By Bob Shine, New Ways Ministry, September 18, 2016
Catholic school districts in Alberta received poor grades for their LGBT policies, according to a new report from the organization “Public Interest Alberta.”
Professor Kristopher Wells authored the report, “Making the Grade,” after conducting an analysis of the LGBT policies for four school districts. Wells, who directs the Institute for Sexual Minority Studies and Services at the University of Alberta, studied the Grand Prairie Catholic Schools and the Greater St. Albert Catholic Schools as part of the report. The Edmonton Journal reported further:
“Wells evaluated four policies based on six criteria, including whether it complied with provincial legislation, protected students and staff members’ privacy, and spelled out how schools will support transgender and non-binary people.
“He said shortcomings include apparent restrictions on requesting gay-straight alliances in some Catholic school districts. Grande Prairie and St. Albert Catholic districts both have policies saying the groups will ‘normally’ be established at the Grade 7-to-12 levels, that the principal has to agree to the club’s name, and must approve any material going before the group.
“The report also said some districts did not include protections for students’ families or staff who are gender diverse, and failed to spell out how transgender people will be directed to bathrooms or change rooms, and join sports teams.”
Both Catholic districts received a D, but have pushed back against Wells’ report. Karl Germann, superintendent of Grand Prairie Catholic Schools, said the provincial Ministry of Education had approved its policies on inclusion. Germann said students are “loved and cared for,” in addition to legal compliance. David Keohane, superintendent of Greater St. Alberta Catholic School District, claimed the report was incomplete.
Wells criticized the lack of a unified policy in the province, which makes finding and understanding a given district’s policies on gender and sexuality confusing. He told the Edmonton Journal:
” ‘Unequivocally, any student who walks through any school in this province should be entitled to the same supports, the same resources, the same protections regardless of where they go to school.’ “
Joel French, executive director of Public Interest Alberta, suggested the Ministry of Education post every district’s policies in a central and accessible place.Every school system in Alberta had to submit their LGBT policies for review last March. Thus far, the Ministry and Minister David Eggen have not released which districts have LGBT policies which are legally compliant and which are insufficient.
In related news, the leader of Alberta’s Liberal Party, David Swann, has said school districts which do not meet new LGBTQ standards should potentially have their funding and charters withdrawn. He told CBC:
” ‘The legislation, supported by every provincial party, and the policies set forth by the government, were created to provide kids with the right to be who they are. . .No organization, especially a school, should have the ability to take those rights away.’ “
Swann also said reparative therapy should be banned. His comments come after a Baptist leader said LGBTQ policies should and would be refused as they violate religious freedom.
Disputes about implementing policies supportive of LGBTQ students in Alberta have been ongoing for two years now.

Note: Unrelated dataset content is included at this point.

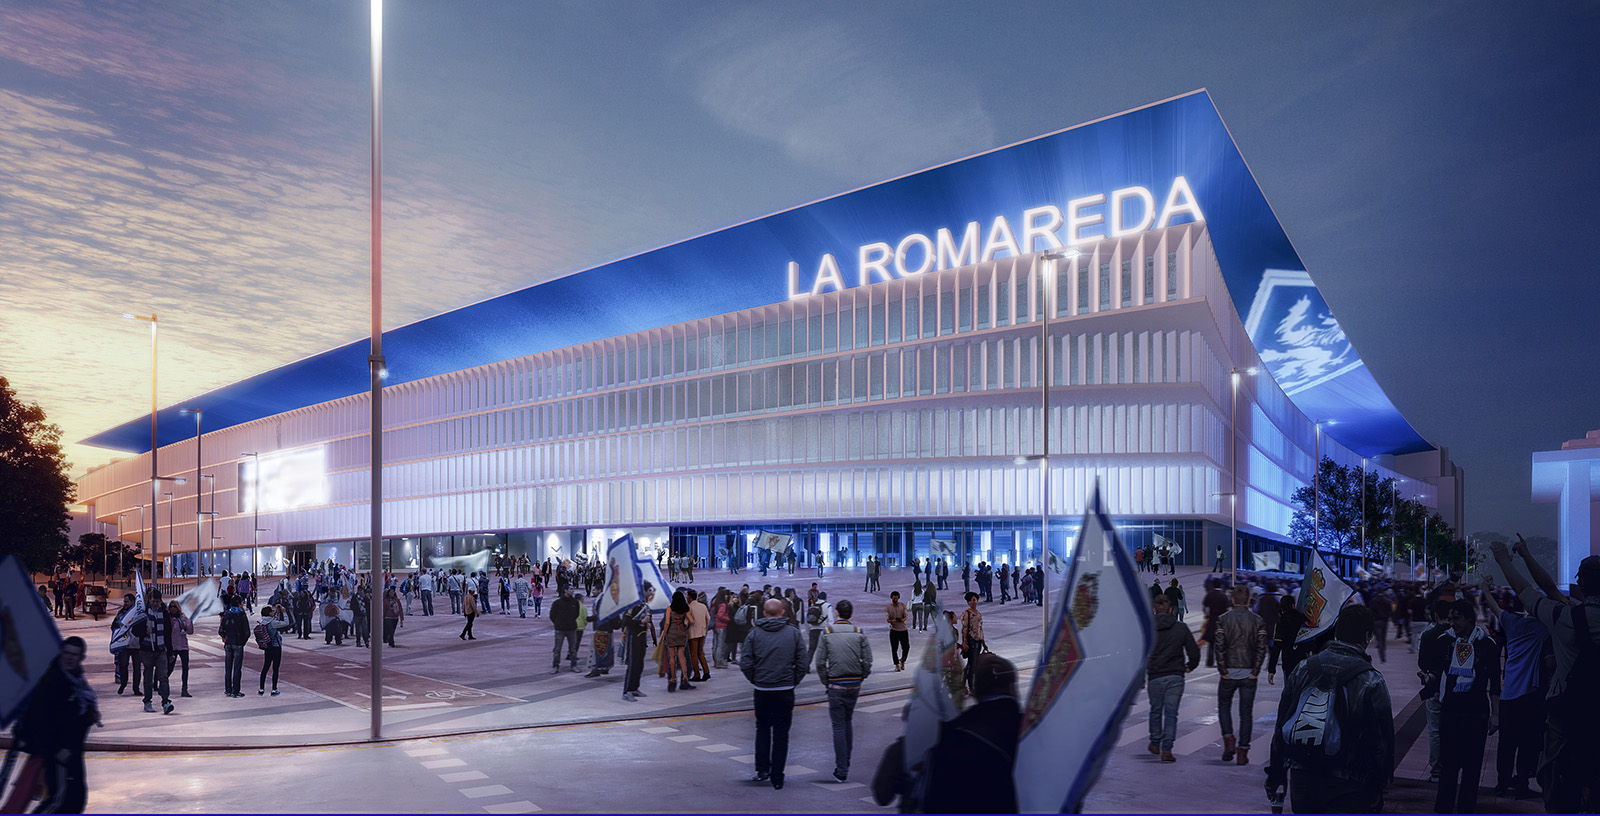 New Romareda Stadium_Pedestrian_1_copyright IDOM

All 61 districts in the province submitted draft policies last March, but preceding these submissions there were debates in several Catholic systems. Particularly intense were disputes among the Edmonton Catholic School Board, whose meetings erupted in shouting and eventually necessitated outside mediation.
Alberta’s bishops weighed in, too, with one describing the LGBT guidelines as “totalitarian,” though the bishops eventually met with Minister Eggen. It should also be noted that the Greater St. Albert Catholic School District has spent nearly $400,000 defending its discriminatory firing of transgender teacher Jan Buterman.
The disputes in Alberta have been detrimental to students, faculty, parents, the church, and the wider community. Wells’ failing grades for these two districts may be deserved, but they should not be the case. Catholic education should receive straight A’s when it comes to welcoming and supporting its students–especially LGBTQ students. The good news is that it is never too late to reverse bad policies and renew a commitment to ensuring every student can flourish in Catholic schools.